"like X-ing the Y"
like trying to secure Windows
The English language is preparing to mourn the loss of one of its most agreeable similes as painters finally apply the last lick of paint to the Forth Bridge. For well over 100 years, chaps armed with buckets and brushes have scaled the famous structure in a Sisyphean endeavour to keep it spick and span. Now, however, after a …
It's all PR BS I'm afraid. I was told by somebody on the project a few years back that it was a myth that the bridge was constantly being painted. Futhermore he said he could cite periods where no painting was done on the bridge at all for some considerable time.
The whole myth got started because painting the structure is so complex that it obviously takes a very log time and somebody stated that it took so long that by the time the painters reached the far side they would have to start again at the other. There was never any official confirmation of this.
Indeed I remember a few years ago it being a news story (probably in the Scotsman) that the bridge was falling to bits because the painting had been stopped. They can't have it both ways - either the painting was stopped or it has been continuous since the bridge was erected.
George IV Bridge does not cross the Firth of Forth. It's an elevated street in Edinburgh. You can't count it just because it's in Scotland you know.
There are two bridges at Queensferry, the Forth Bridge and the Forth Road Bridge. Although they are planning another road bridge. Further inland there are two more bridges although I think they cross the river Forth rather than the Firth of Forth. Those are the Kincardine on Forth Bridge and the Clackmananshire Bridge which bypasses Kincardine to the north.
So in short there are still only two bridges over the Firth of Forth.
Reminds me of my last company, when the tape drive broke on the software production server. Someone decided that we couldn't buy a new one, because the new SAN took all the money and it had an excellent new tape drive in. I was instructed to run a cron job each night to copy the source code repository to the SAN which was in a different building (The backup software couldn't backup to the SAN).
It took just over 25 hours to copy the entire repository over the internal network, so the next night the job started before the first had finished. I can't remember how long this nonesense went on for before they decided to buy a new production server and just connect it directly to the SAN. Whatever, it certainly saved the cost of a tape drive :)
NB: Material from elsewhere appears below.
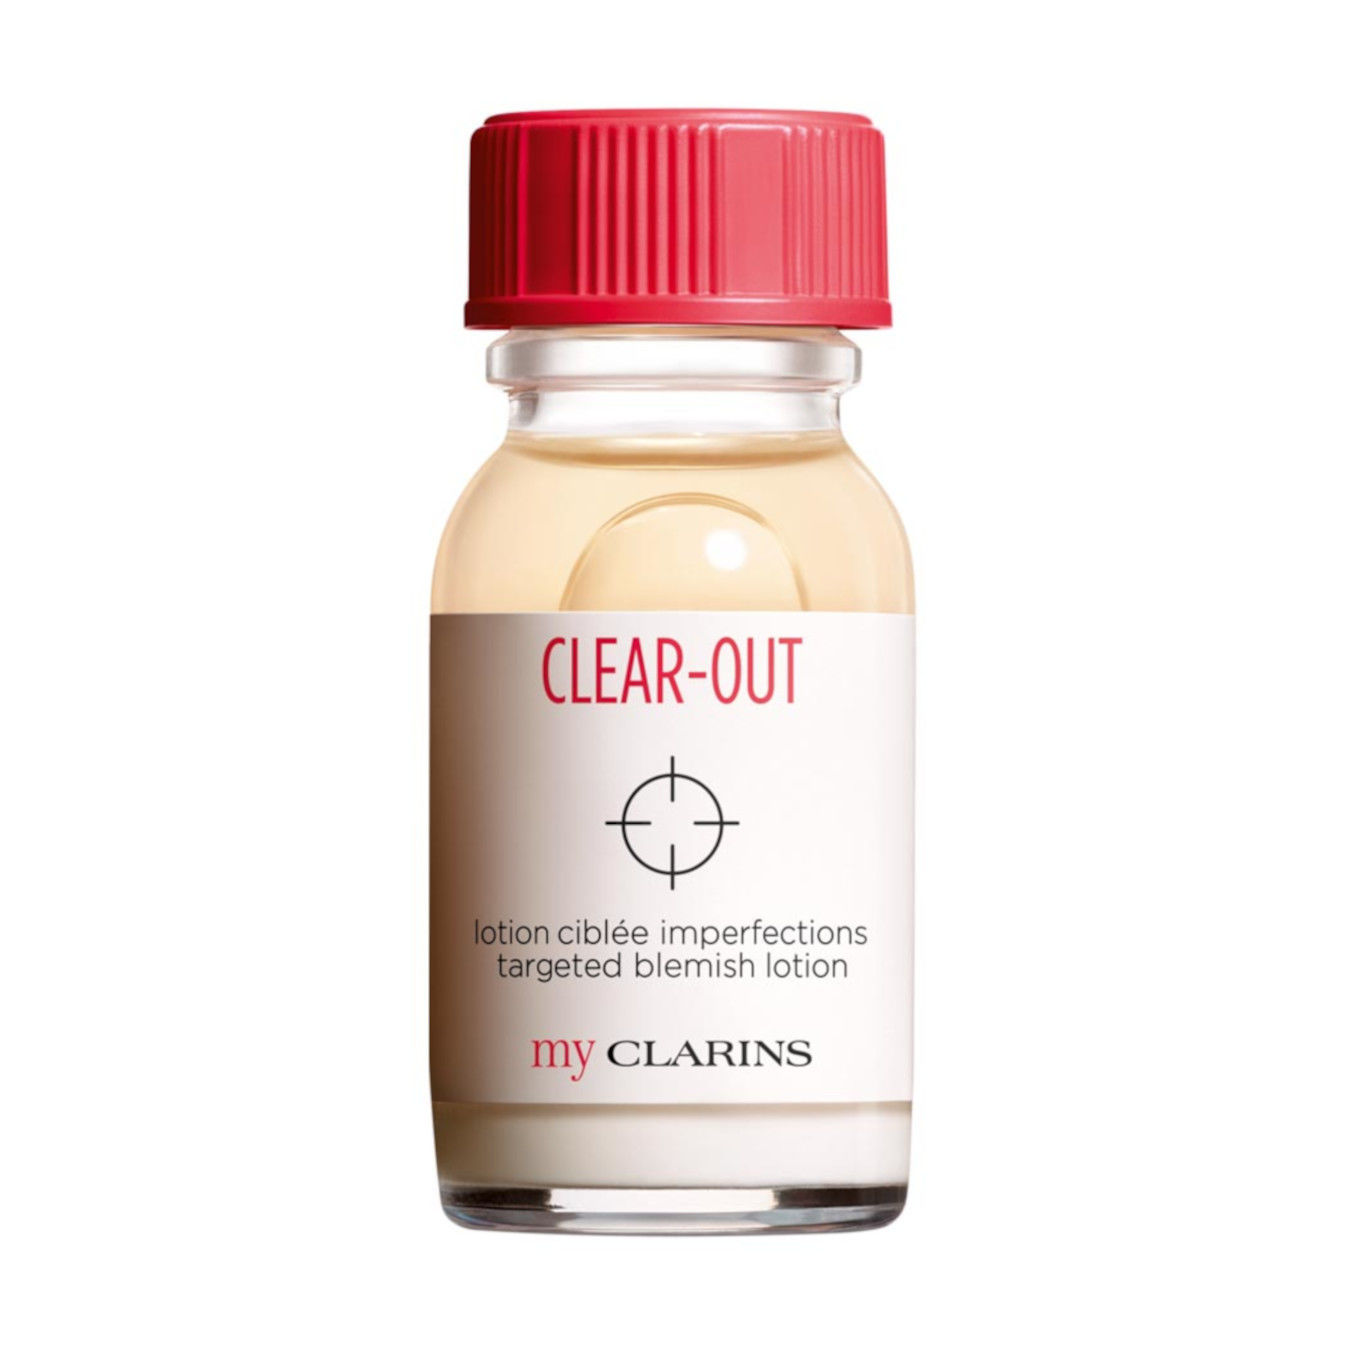 Clarins My Clarins Ciblee Imperfections Lotion von impo
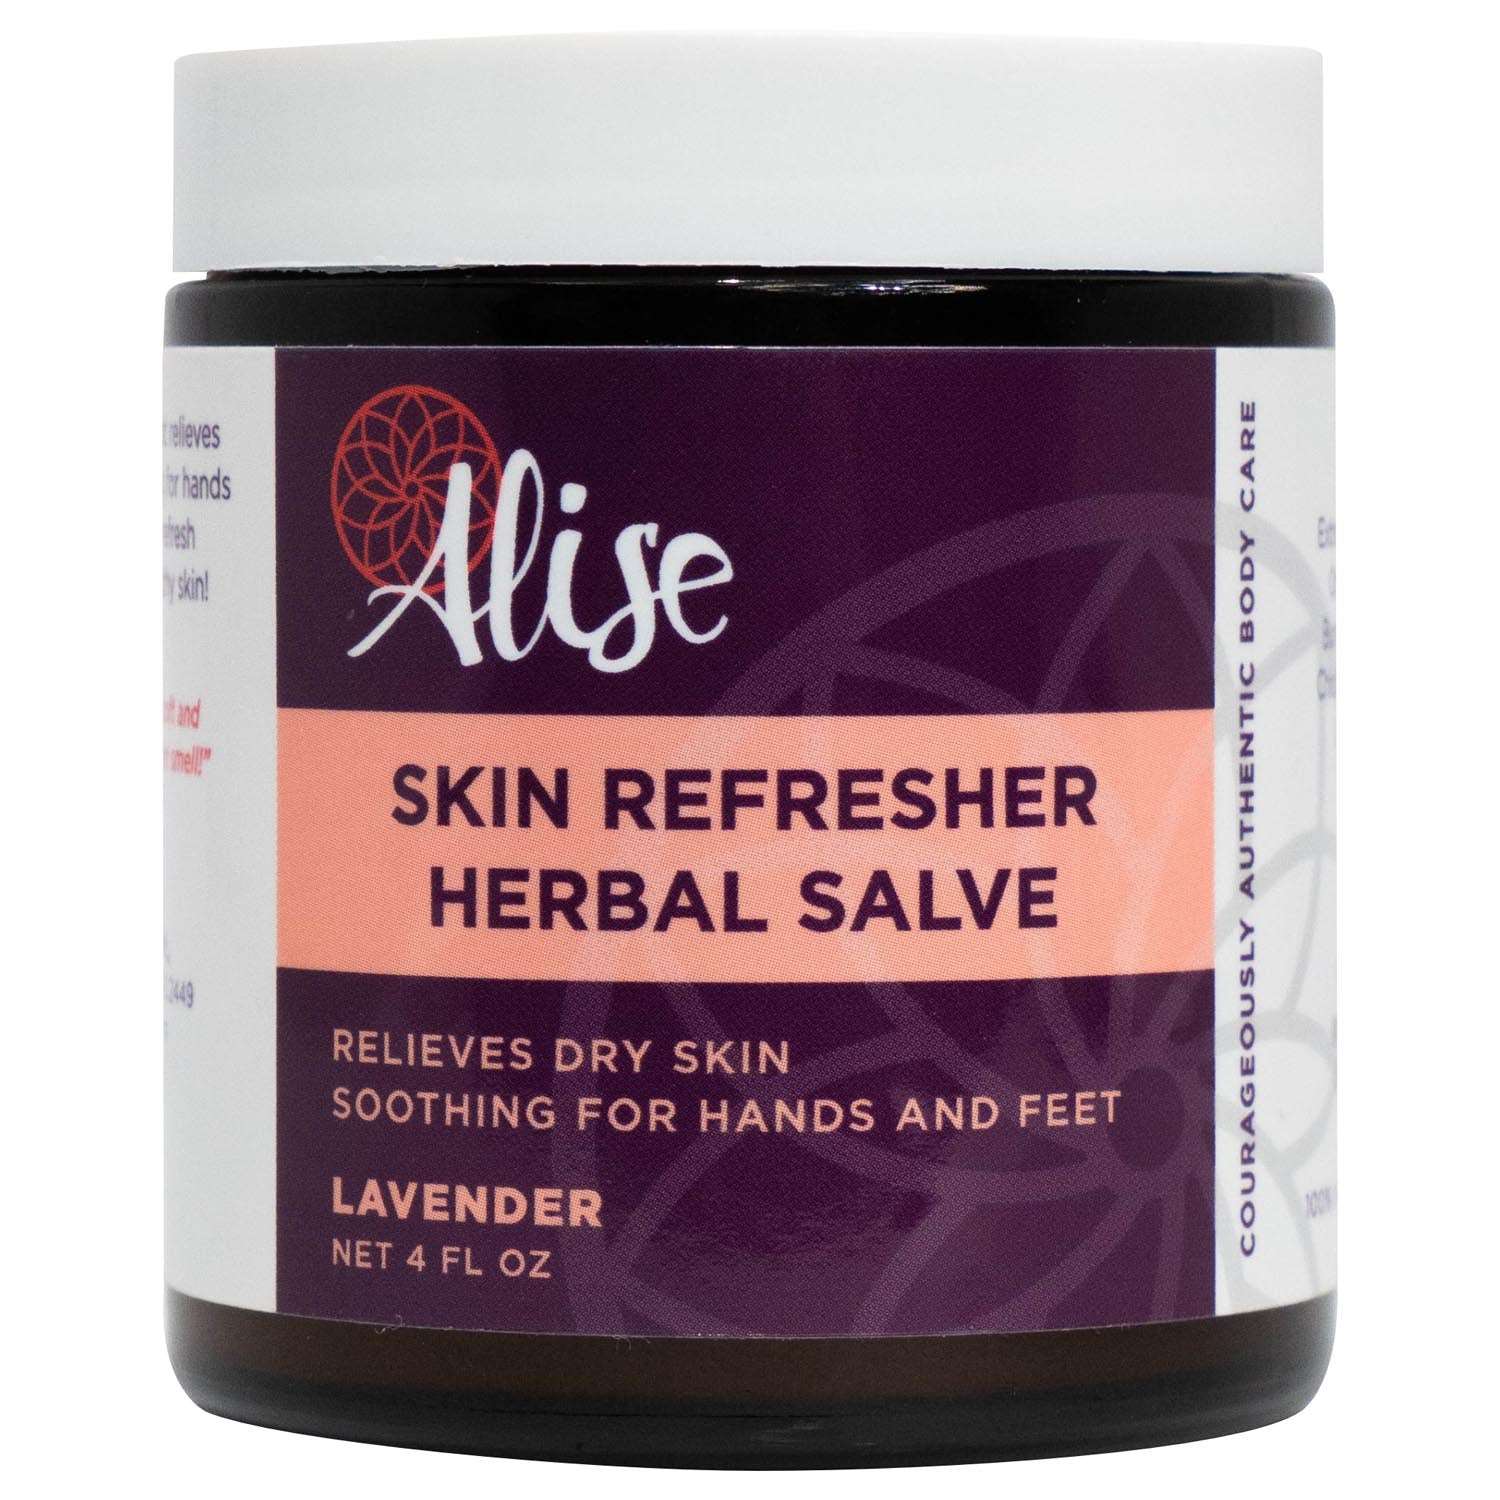 Lavender Lovers Gift Set with Skin Refresher handcrafted by Alise Body Care

This is old news and coupled with this the scaffolding is not down for three months. So it is not finished yet and it is old news that it is finished. The News in this country is tripe with a capital T. Have people forgotten that our government has been engaged in torture! This means if they can do it to them, they can do it to us.
If I understand your post correctly, we should not be concerned with anything other than just one instance of something that has probably been going on in some form or another for a long time. There is no justification in your mind, for people to indulge in a bit of humour combined with non-political interest.
I'm sorry, you are wrong.
I would think that the most appropriate alternative in this forum is: "Like designing a secure system". As soon as you think you've finished, somebody discovers a fundamental hack which means you need to go back and start again.
Something more in tune with the mentality of the Clapham Omnibus passenger is needed, though, I think. How about "Reaching your annual performance-review targets"? As everyone knows, achieving this feat will simply lead to your boss being replaced by someone with better "people management" skills, who will set you unreachable targets for next year.
A friend of mine had such a review, and was told that she wasn't doing what was specified in her contract of employment. When she objected that she didn't have a contract, her boss informed her that there was a provisional contract held in the HR department, but that it was confidential and so she wasn't allowed to read it.
She's looking for another job, but painting the Forth bridge probably isn't up her street.
I sincerely hope they applied that epoxy 100% perfectly to every square inch of the bridge; that epoxy is buggeringly hard to remove or patch, not to mention just a little bit toxic.
One little patch done badly, if left alone for a couple of decades due to "we don't need to maintain it anymore" thinking can lead to mighty costly repairs. Or spectacular failure. In my (amittedly worthless) opinion, I would stick with conventional micaceous oxide paint and regular maintenance. Sure, it costs $x per year, but thats better than the $x^2+y^6+z^17 you'll have to pay when something goes wrong. Cheapest contractors = what are the chances?
Why change the saying?
I mean we still use, not enough room to swing a cat (of nine tails), freeze the balls off a brass monkey (cannon balls) and the likes.
Like painting the forth bridge... never ending with no apparent benefit! How about like paying your taxes... you keep paying them, but the country still goes down the pan and the professionally unemployed still get by with no income but have full sky package and a 40+ inch LED telly.